[Work task] Pictures are to be dropped. Everything else in the listing gets copied exactly.
*** Opening of Data below ***
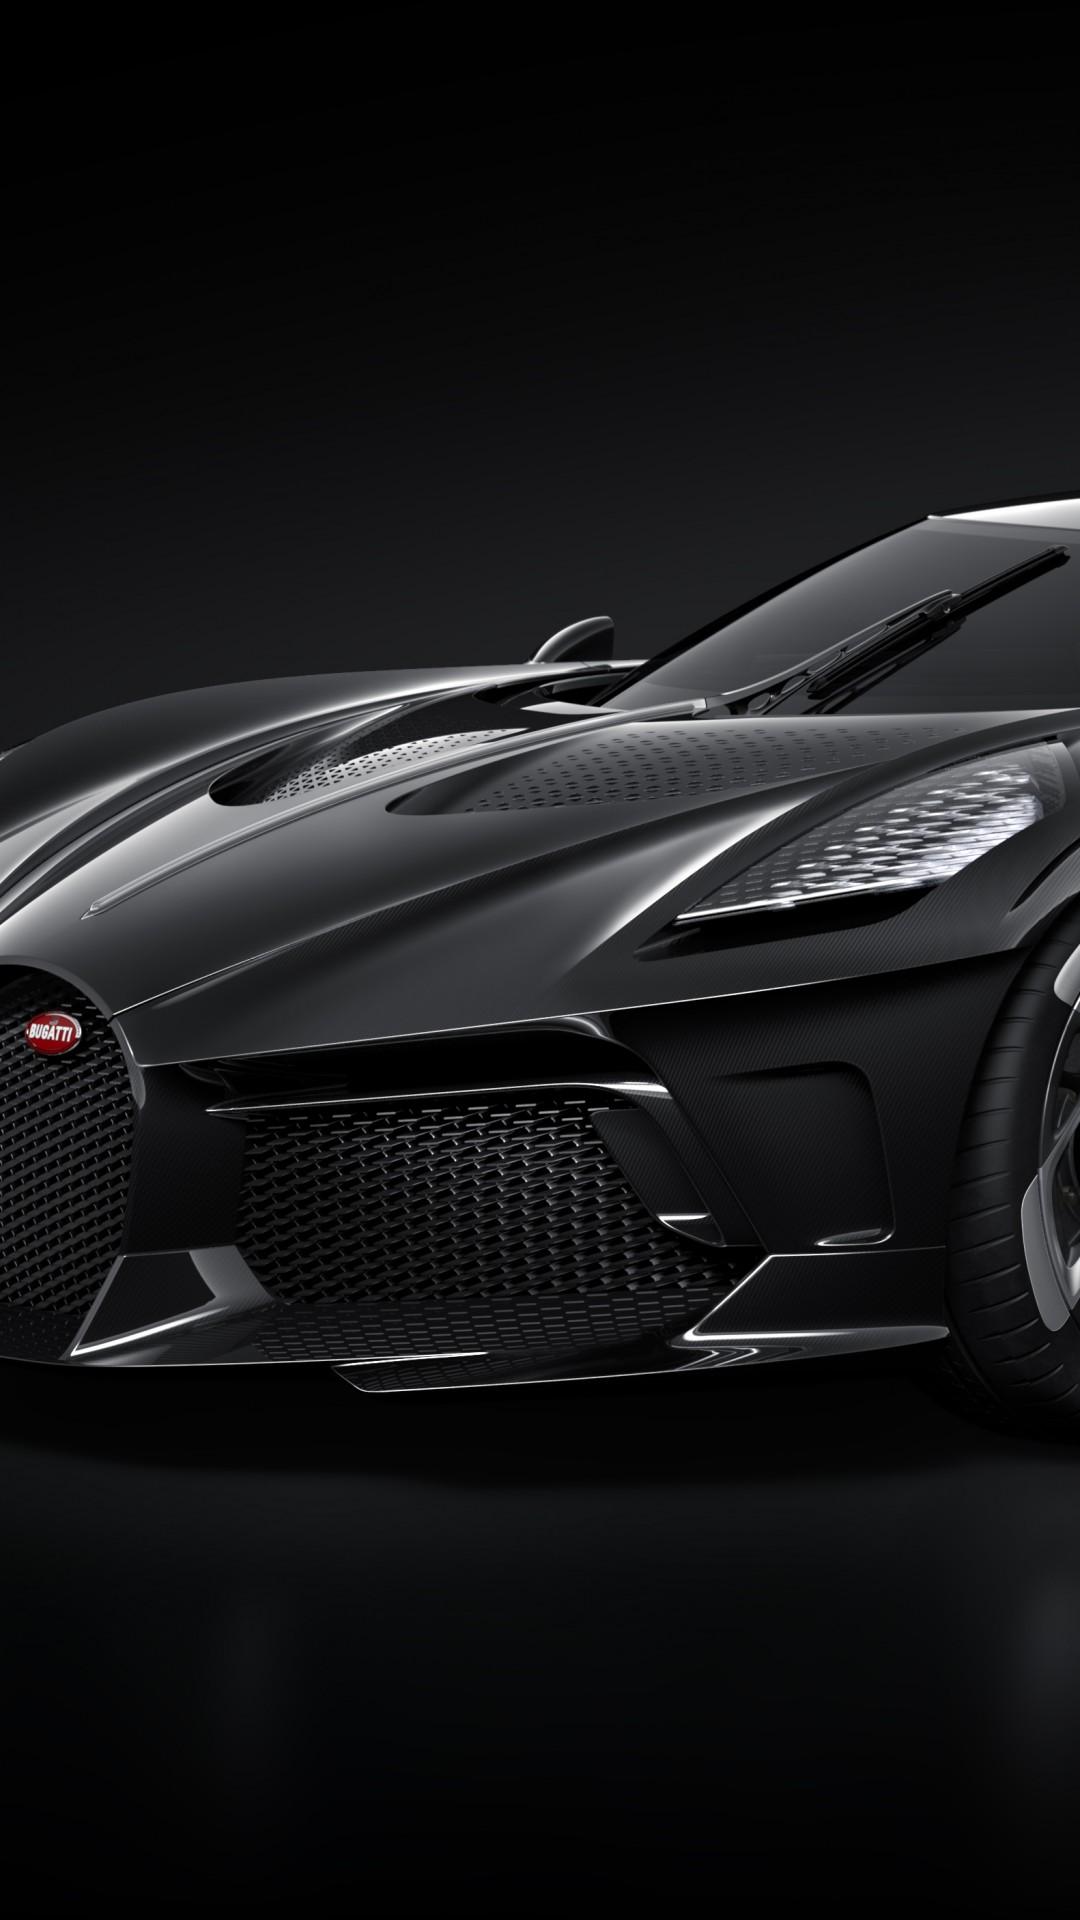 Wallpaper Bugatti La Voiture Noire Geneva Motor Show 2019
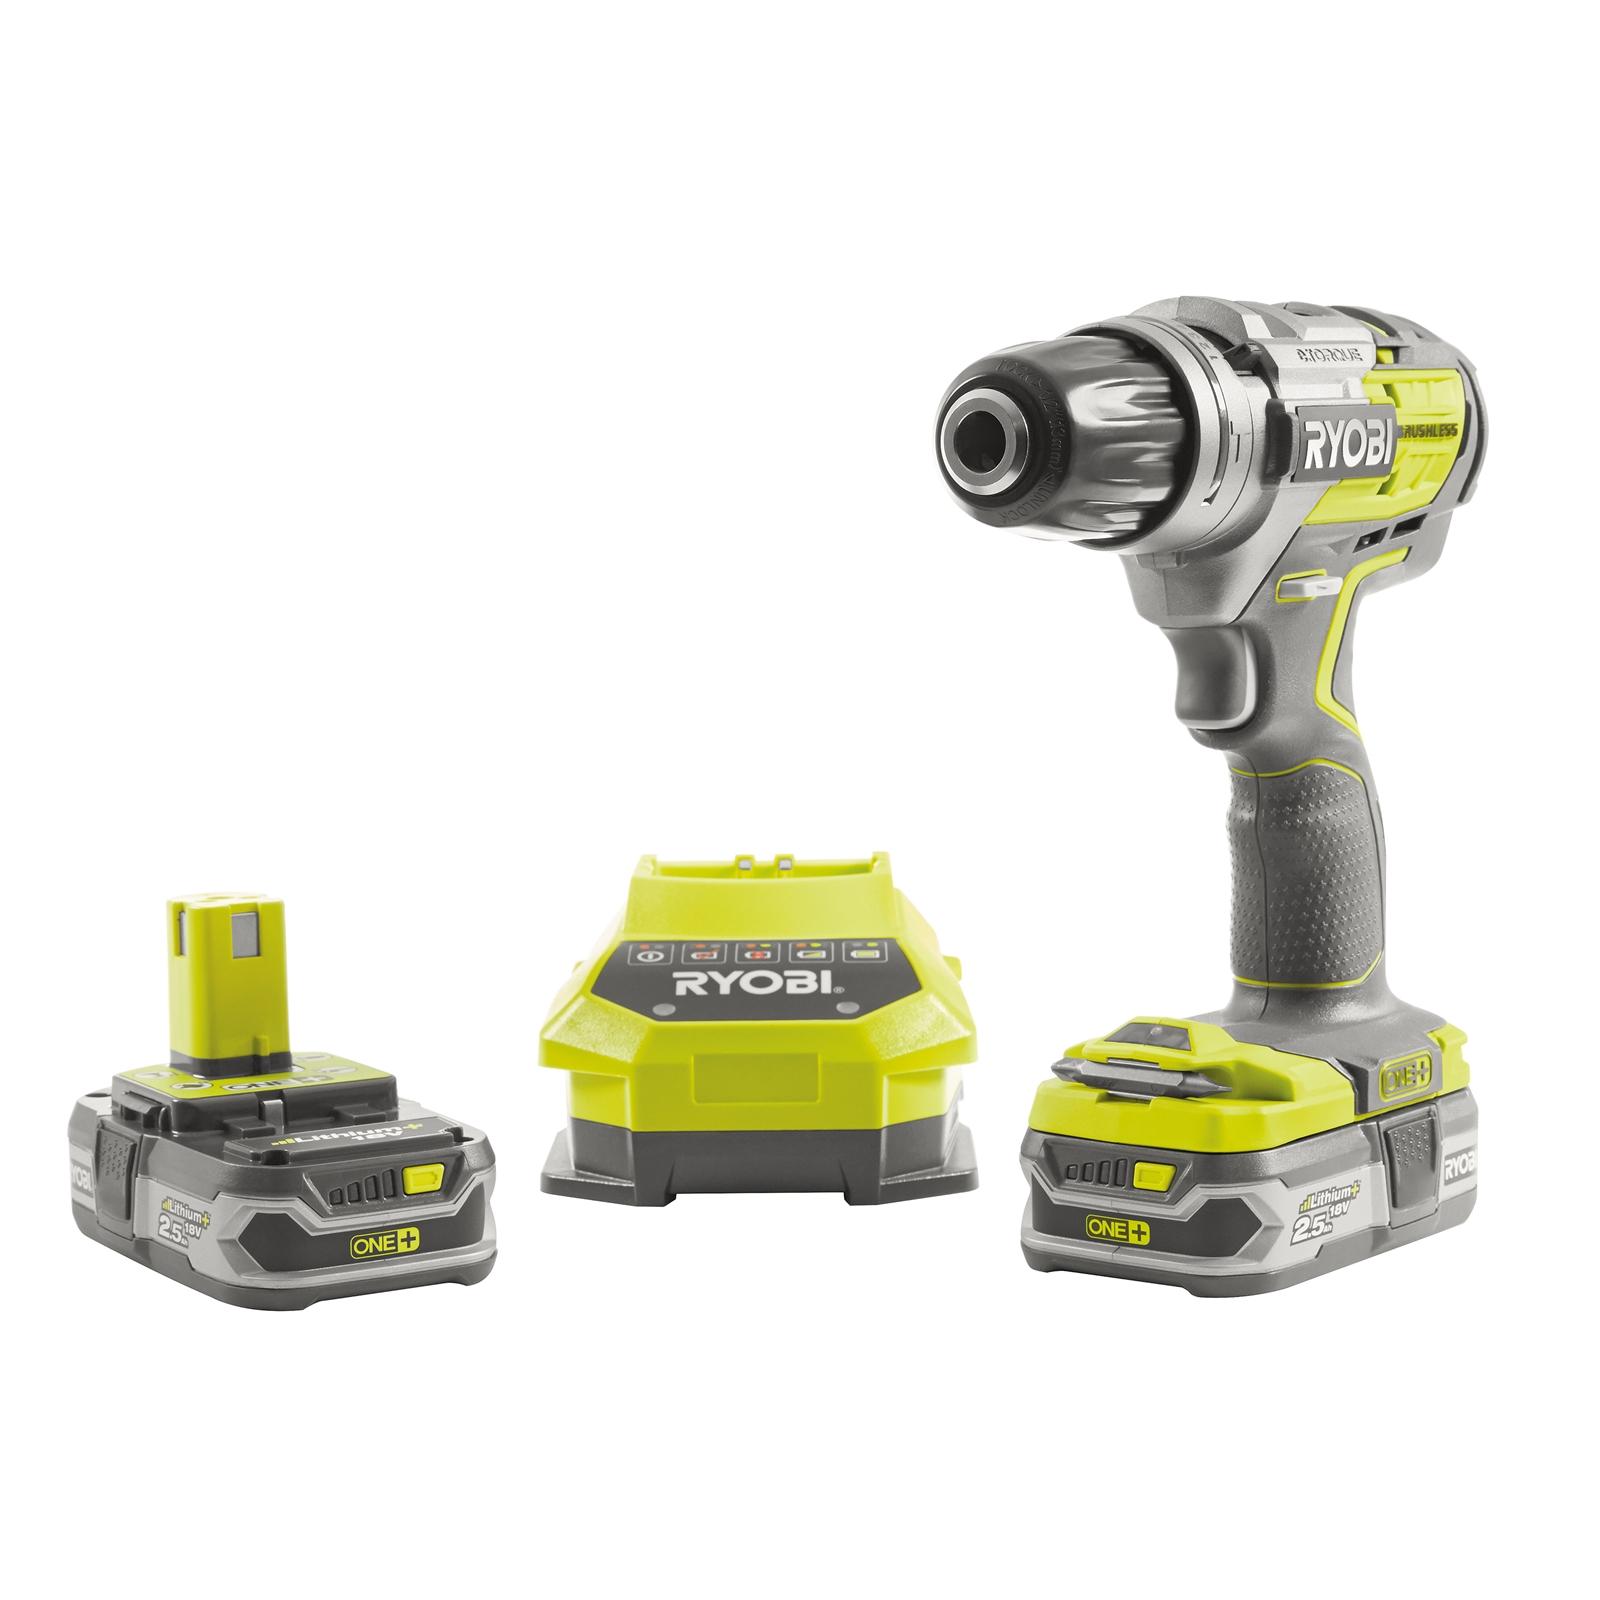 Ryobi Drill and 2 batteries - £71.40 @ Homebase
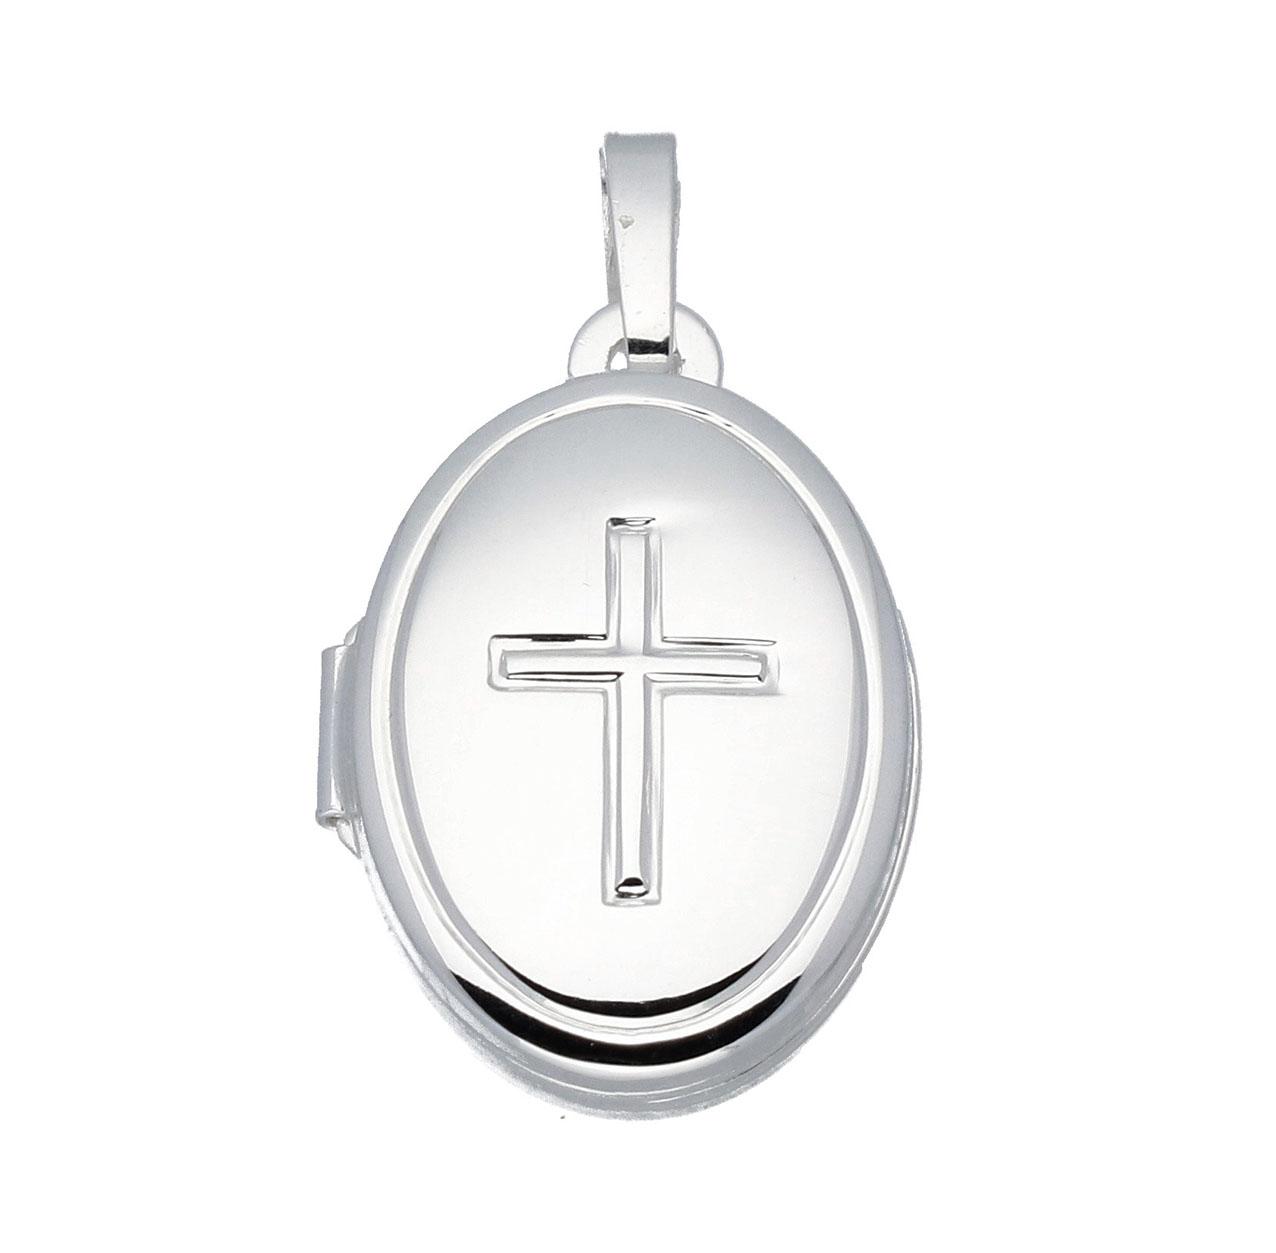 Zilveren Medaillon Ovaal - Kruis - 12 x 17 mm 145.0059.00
*** Close of Data below ***
[Answer to the problem]
 Wallpaper Bugatti La Voiture Noire Geneva Motor Show 2019
 Ryobi Drill and 2 batteries - £71.40 @ Homebase
 Zilveren Medaillon Ovaal - Kruis - 12 x 17 mm 145.0059.00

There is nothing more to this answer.